Ehrenreich as Hobie Doyle is the real surprise, a baby faced dolt with a stoic, stilted demeanor. In one shot he performs a lasso routine just to pass the time, and his eyes barely emote a thing in a way that makes his act hilariously Buster Keaton-esque. And in a verbal showdown with his director Laurence Laurentz, a simple line reading, “Would that it were so simple,” becomes the film’s unusually outrageous centerpiece.

What do the Coens have to say with all this madness? If the set pieces seem cold, or if the individual sequences feel disconnected from the rest of the film, it’s the act of showing the movie’s seams that stand out. Between flashy wipe cuts and gorgeously artificial backlot sets, the color and visual design of “Hail, Caesar!” leap out at you. We recognize Hollywood as the beautiful forgery that it was, and we can appreciate the Coens’ tribute to the era in how they call attention to everything it stood for.

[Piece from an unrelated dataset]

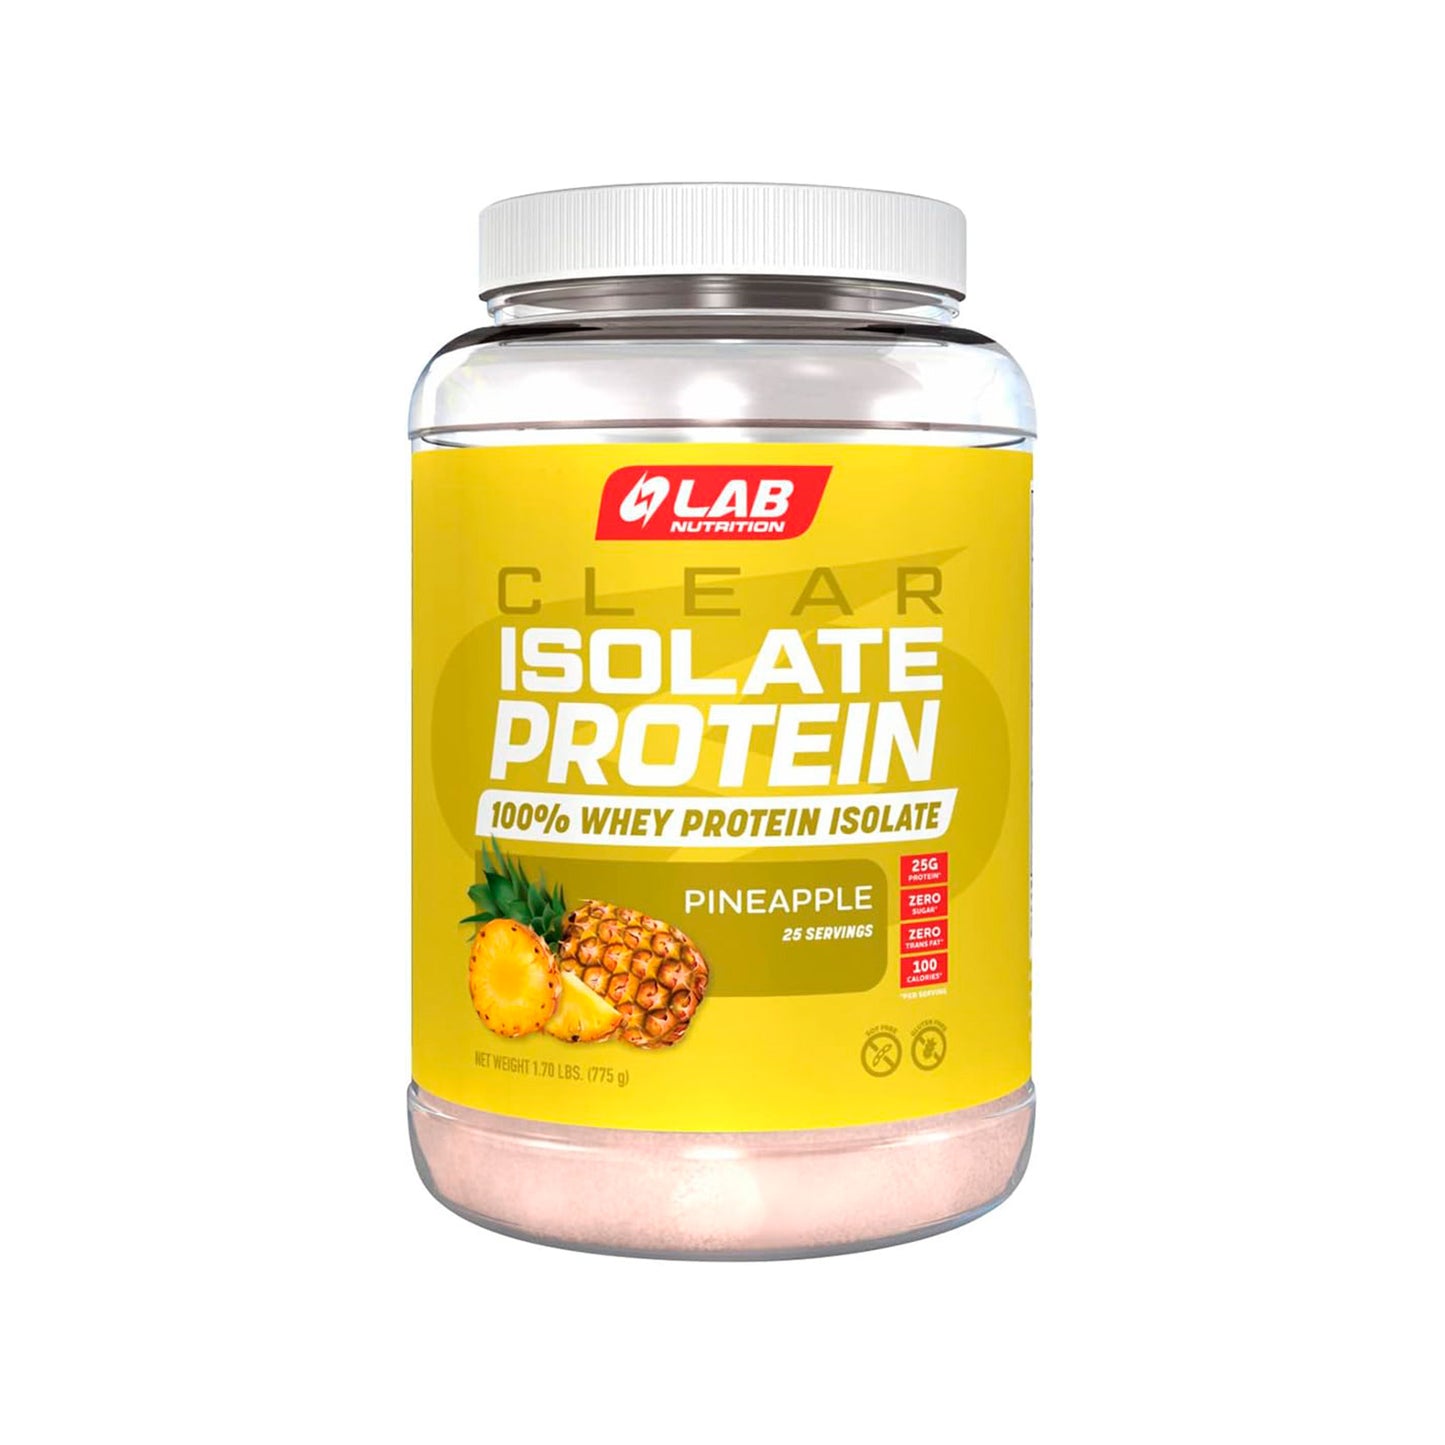 CLEAR ISOLATE PROTEIN 100% WHEY PROTEIN ISOLATE PINEAPPLE

Hollywood was all of these things in its Golden Age, and in the subtext are Mannix’s internal malaise, the arrival of the H-bomb at Bikini Atoll, and the coming drama of the Blacklist. “Hail, Caesar!” does this period better than “Trumbo.” But it invokes the arrival of the near future, how genres would be blended and how the world would become less clear. “Hail, Caesar!” is a lot of movies rolled into one, but it captures the spirit of an era in a way very few films have.